Decision support systems use On-Line Analytical processing (OLAP) and data mining to find interesting information from large databases. Multidimensional databases are suitable for OLAP and data mining since these applications require dimension oriented operations on data. Traditional multidimensional databases store data in multidimensional arrays on which analytical operations are performed. Multidimensional arrays are good to store dense data, but most datasets are sparse in practice for which other efficient storage schemes are required. For large databases, reduced storage requirements can reduce the I/O time needed for data accesses during operations when appropriate data structures are used. Each cell in a multidimensional array can be accessed by an index in each of its dimension. Hence, finding an element in it is a trivial operation. Sparse data structures can provide efficient storage mechanisms, but dimension oriented operations can be more expensive when compared to multidimensional arrays, because of the additional processing required to de-reference indices. It is important to weigh the trade-offs involved in reducing the storage space versus the increase in access time for each sparse data structure, in comparison to multidimensional arrays. These trade-offs are dependent on many parameters some of which are (1) number of dimensions, (2) sizes of dimensions and (3) degree of sparsity of the data. Complex operations such as those required for data-driven data mining can be very expensive in terms of data access time if efficient data structures are not used. We compare the storage and operational efficiency in OLAP and data mining of various sparse data storage schemes in [GC97b]. A novel data structure using bit encodings for dimension indices called Bit-Encoded Sparse Structure (BESS) is used to store data in chunks, which supports fast OLAP query operations on sparse data using bit operations without the need for exploding the sparse data into a multidimensional array. This allows for high dimensionality and large dimension sizes. Our techniques for multidimensional analysis can be applied to scientific and statistical databases [LS98] which rely heavily on dimensional analysis.

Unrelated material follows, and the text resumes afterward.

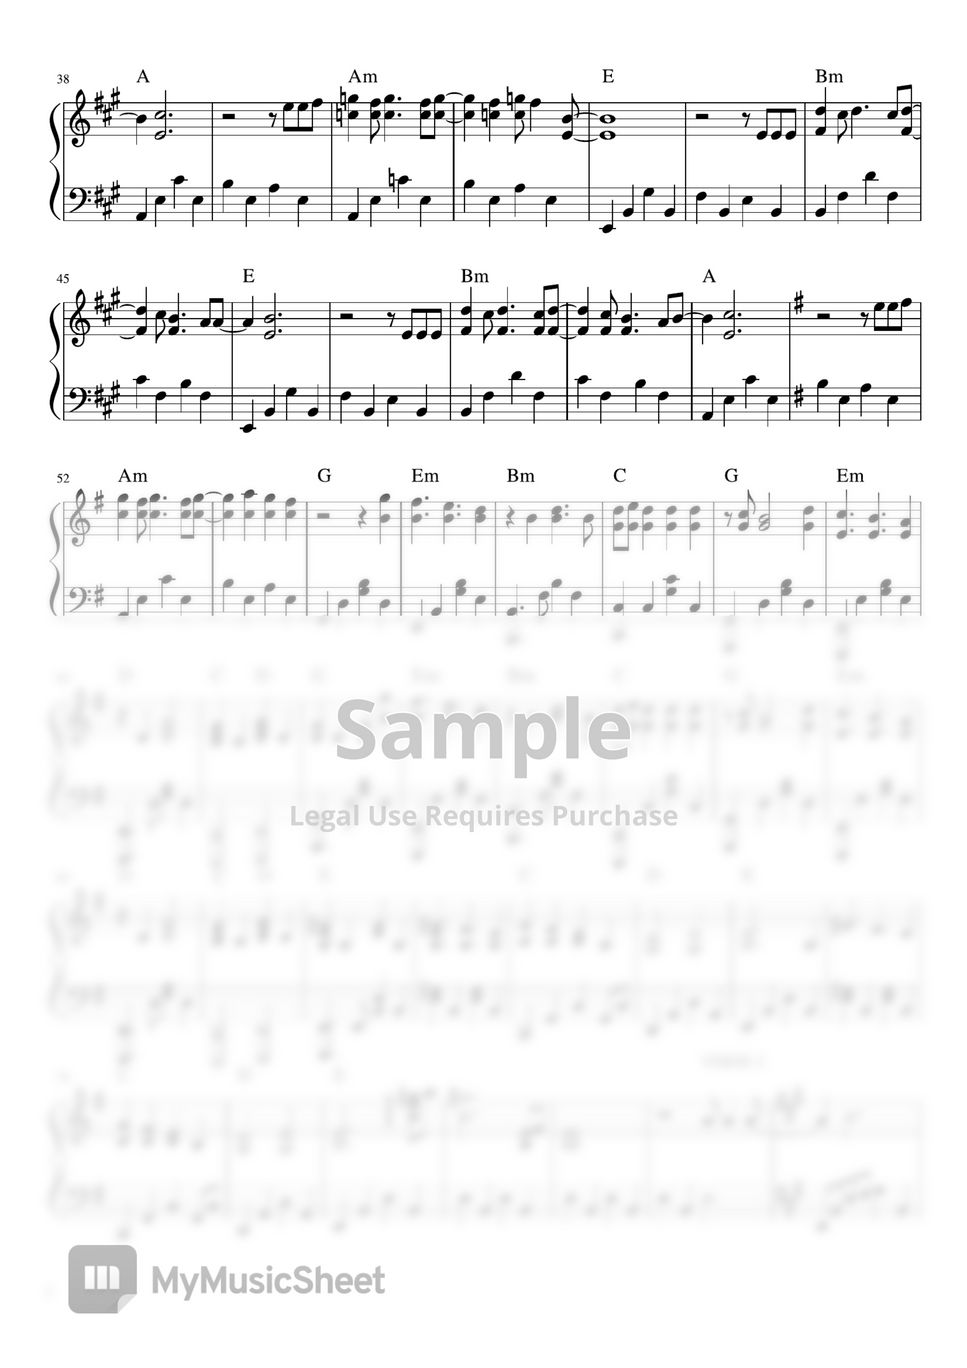 Rivermaya - 214 (piano sheet music) by Mel's Music Corner

In this paper we present a parallel multidimensional framework for large data sets in OLAP and SSDB which has been integrated with data mining of association rules. Parallel data cube construction for large data sets and a large number of dimensions using sparse storage structures is presented. Sparsity is handled by using compressed chunks using BESS. Three schedules for constructing complete and partial data cubes from the cube lattice are developed, using cost estimates between parent and child aggregates: (1) Pipelined method for cubes (2) Pipelined method for chunks and (3) Level by level method. These incorporate various optimizations to reduce computation, communication and I/O overheads. Chunk management strategies are described to store the various intermediate cubes and handle large data sets.
The rest of the paper is organized as follows. Section 2 describes chunk storage using BESS and the multidimensional infrastructure. Section 3 describes mining of association rules on the data cube. Section 4 describes strategies and optimizations for parallel aggregate computation. Section 5 presents results of our implementation on the IBM SP2. Section 6 concludes the paper.